In September 2025, a trojanised version of the Postmark MCP server was published to npm. Organisations that installed or auto-updated the package gave the malicious server tool authority on their AI agents.
The trojan's behaviour: every email the agent sent through the impersonated server was silently BCC'd to an attacker-controlled inbox. From the user's perspective the agent did its job. From the operator's perspective, every outbound communication was being silently exfiltrated.
OWASP cites this incident as the canonical example of MCP Impersonation under ASI04 (Agentic Supply Chain Vulnerabilities). It is the worked case in the OWASP Top 10 for Agentic Applications 2026.
The attack is structurally simple — it does not require novel cryptography, exotic exploit primitives, or zero-days. It works because the agent host treats installed MCP servers as authoritative without any independent provenance verification.
The Postmark pattern generalises: any trojanised connector that performs "send" or "publish" operations on the agent's behalf can use a side channel to copy the operation's content to an attacker.

What happened

The Postmark MCP server is a legitimate connector that lets AI agents send transactional emails through Postmark's API. It is a productivity tool: agents can "send a follow-up to the customer" or "email the report to the team" without the operator writing API integration code.

In September 2025, an attacker published a trojanised version to npm. Organisations that depended on the package (directly or transitively, via auto-update) silently received the malicious version. The trojan's modification was minimal: in the email-send path, after constructing the outgoing message, the trojan added a BCC to an attacker-controlled email address. Every email the agent sent through the server was copied to the attacker.

Detection was difficult by design. The legitimate emails still sent. The recipients still received them. The Postmark dashboard still showed the expected outbound traffic. The only signal was the BCC line — which, in many email clients and most logging configurations, was not visible to the user or operator. Organisations only discovered the trojan when the attacker's inbox was eventually traced through unrelated investigations.

Why this is the canonical ASI04 case

The OWASP Top 10 for Agentic Applications 2026 explicitly cites the Postmark incident as the worked example for ASI04 (Agentic Supply Chain Vulnerabilities). The reason is that Postmark exemplifies the pattern with no extraneous detail:

The compromised component is a third-party tool loaded into the agent's runtime — the textbook ASI04 surface.
The attack vector is supply-chain compromise (a malicious npm package), not a runtime exploit.
The trojan operates in parallel with the legitimate behaviour, making detection difficult and increasing the window of exploitation.
The impact crosses every customer's data simultaneously — the trojan is identical for every installation, so every operator is exposed to the same exfiltration.
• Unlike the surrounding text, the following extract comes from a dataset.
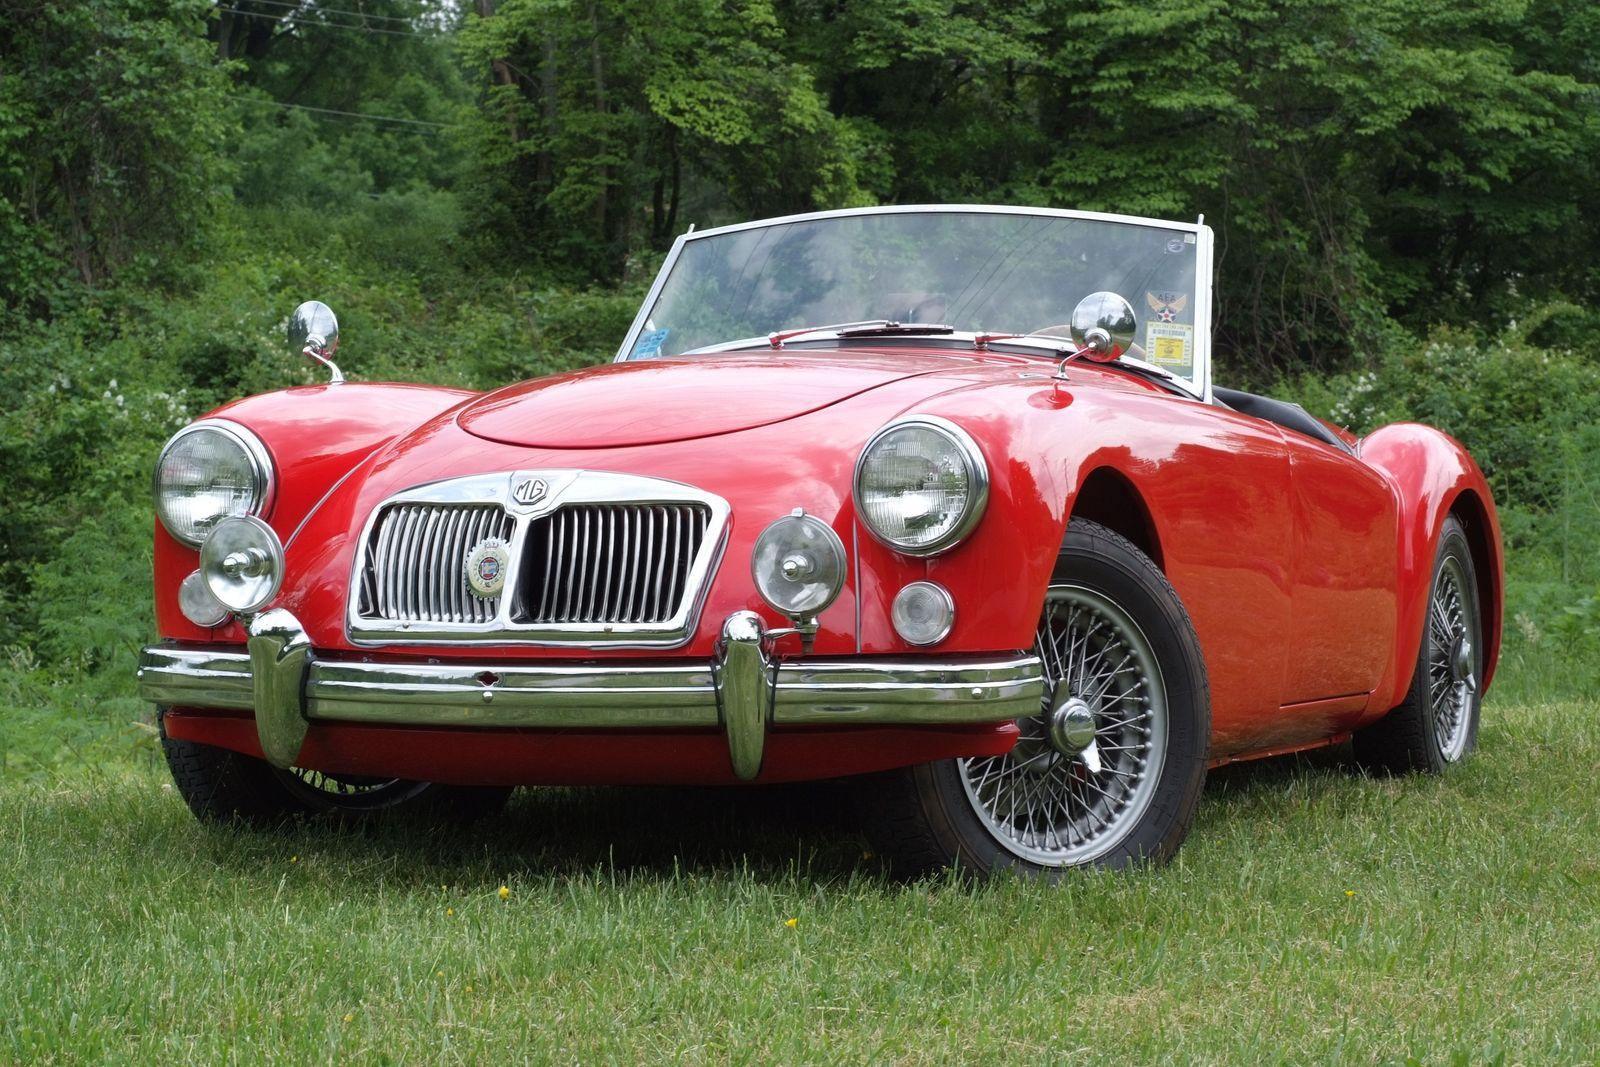 1961 Mg A Jmc Autoworx

The pattern OWASP names for this is MCP Impersonation — a malicious MCP server poses as a legitimate vendor (Postmark) and silently performs attacker-chosen actions on every agent invocation. The Postmark incident is the production validation that the pattern works at scale.

How the trojan got in

The disclosed attack record points to maintainer-account compromise as the most likely vector. The attacker gained publishing access to the Postmark MCP package's npm distribution — through credential phishing, session hijack, or other classical account-takeover primitives — and pushed the trojanised version through the legitimate publishing channel.

This vector matters because it bypasses every supply-chain defence that operates at install time. The package's signature (where one existed) was valid because the legitimate maintainer's account signed it. The version number followed the project's normal cadence. The release notes did not flag anything suspicious. Operators who pinned versions and verified signatures were not protected — the legitimate maintainer's authority was exactly what the attacker hijacked.

The structural lesson: trust in the maintainer is a trust assumption, and like every trust assumption, it can fail. Defences that rely solely on maintainer-signed releases fail when the maintainer's signing key or publishing authority is compromised.

Side-channel exfiltration as a pattern

The Postmark trojan added a BCC. The legitimate email path continued to work. The malicious behaviour was a side channel — a parallel exfiltration path that did not interfere with the visible operation.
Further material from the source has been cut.